Thursday, October 15, 2009

I want to be a better mom

I don't think I'm a bad mom now but I am constantly looking for ways that I can improve or obsessing over things that I did that weren't good mom things. There is a fine line between what is normal and what I do. I get myself so worked up sometimes but its almost entirely internal. Who would ever admit the things they do when nobody else is around? The other day I called my 5 year old a jerk. I shudder now just thinking about it. As if that wasn't bad enough it was unwarranted as the thing that I thought he did was not done. I apologized profusely to him, over and over. I hugged him, I told him how much I love him, I told him how wrong it was of me to say, I promised that I'd never, ever do anything like that again......and still, it's there. In the world, it's there. Another little brick in the wall that has been building between us since he was born. I know that the wall is necessary. Without it, children would never leave home. But I don't want to be the one who's doing the brick work. That is left up to him. Something known can't be unknown, no matter how hard we try or how badly we wish it away. Something done can't be undone.
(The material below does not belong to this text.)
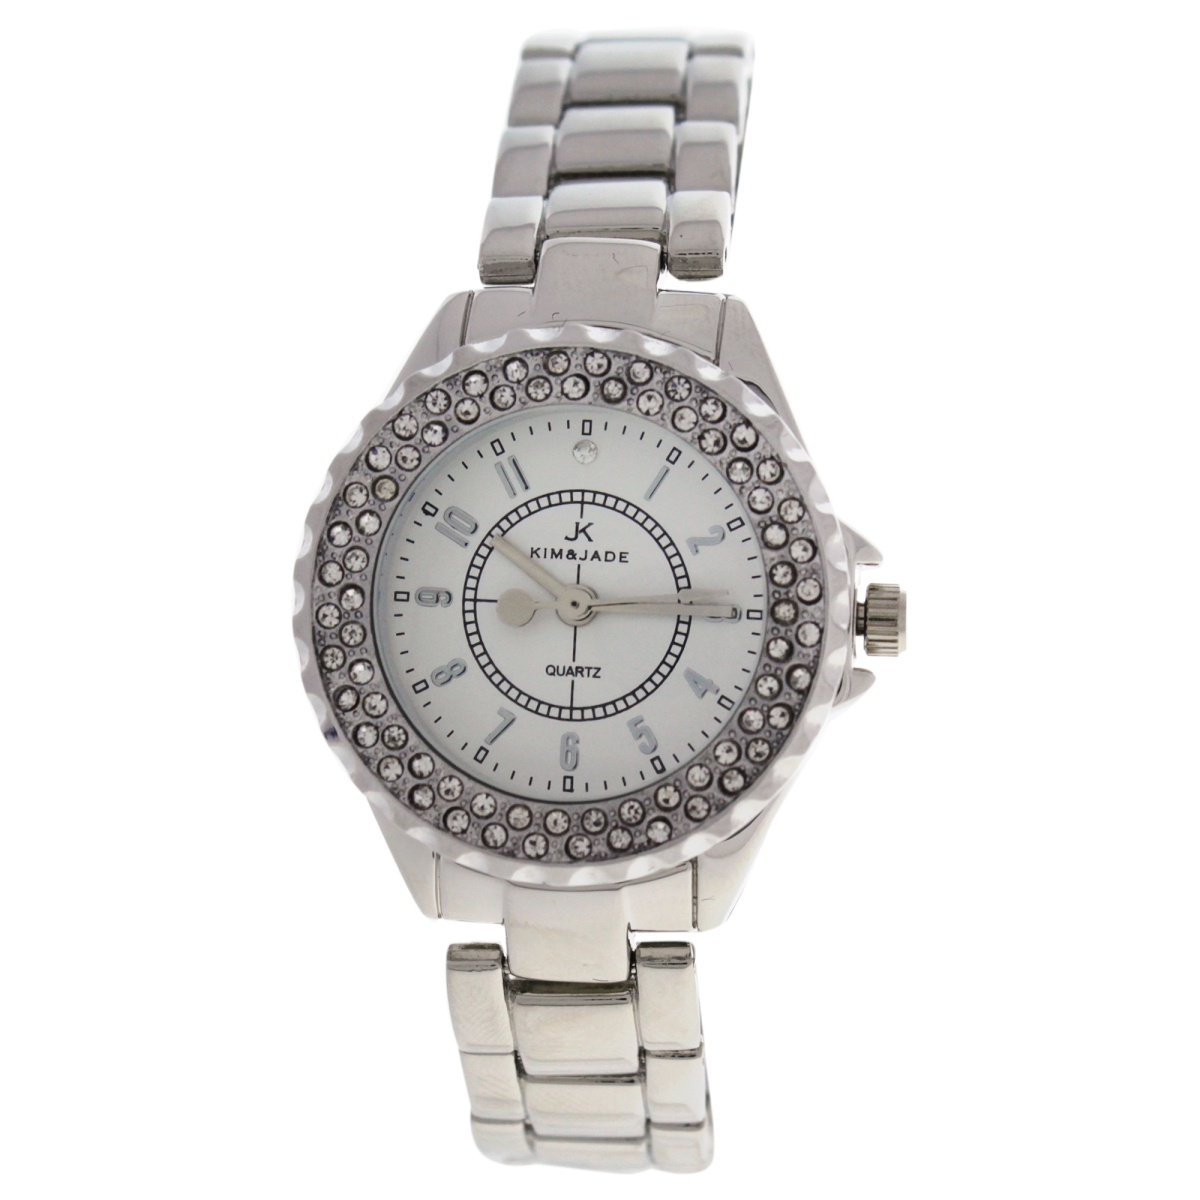 Picture of Kim & Jade W-WAT-1470 Silver Stainless Steel Bracelet Watch for Women - 2033L-SS

I would give anything to take back what I said to my baby and it leaves me feeling sad and filled with grief that I can't and that I ever said it in the first place. My love for the boys is vast and endless and nothing in this life has ever come close to filling my heart with love like they do. Being a mom also involves crushing pain....and this is not something anyone tells you about. I feel this pain when I notice that they have grown, just since they went to bed last night, and that soon they won't even be close to being my babies anymore. I feel it when someone hurts their feelings or makes them sad, especially if its me or their dad. I love being a mom. I wouldn't wish for anything else or anything more. But I still want to be a better mom.